And here, in Nicaragua, the language is that of desire without touching. Apparently Twain feels some wistful misgivings at his own desires—not at the objectification of women, but at his own yearnings for these women who, however stunning from afar, might lead one to the heart of moral darkness, a world of contamination where dirt and filth (and cholera?) become transmitted through a perceived dark “ravishing” woman unless, in the words of Nick Carraway, one has “interior rules that act as brakes on desires”.
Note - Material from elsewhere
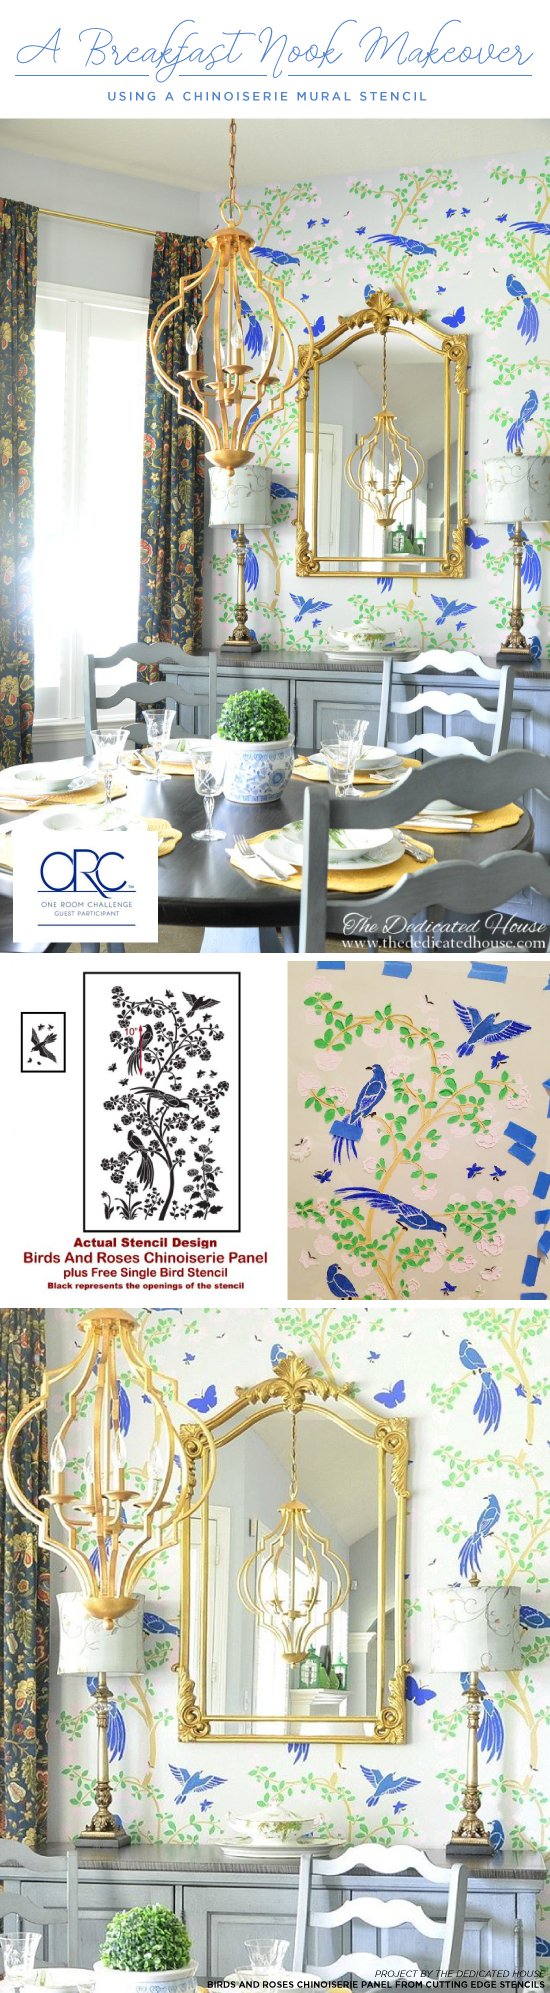 Cutting Edge Stencils shares a DIY stenciled breakfast nook by The Dedicated House that used the Chinoiserie Birds and Roses Mural Stencil. http://www.cuttingedgestencils.com/chinoiserie-wall-stencil-mural-panel-asian-design.html

One need not go very far into Twain’s account of Nicaragua to find equally common associations. Twain, who later in the Quaker City Letters would describe the countries of Central America “as one-horse Central American Republics [. . .] with a hundred thousand inhabitants, grand officials enough for a hundred millions, an ‘army’ of five hundred ragamuffins and a ‘navy’ consisting of one solitary 60-ton schooner,” writes in reference to the food of Central Americans: These groups of dark maidens keep for sale a few cups of coffee, tea or chocolate, some bananas, oranges, pine-apples, hard boiled eggs, a dozen bottles of their vile native liquors, some or namental cups carved from gourds of the calabash tree, a monkey or two—and their prices were so moderate that, in spite of all orders and remonstrances to the contrary, the steerage passengers have been overloading their stomachs with all sorts of beverages and edibles, and will pay for it in Asiatic cholera before they are many days older, no doubt.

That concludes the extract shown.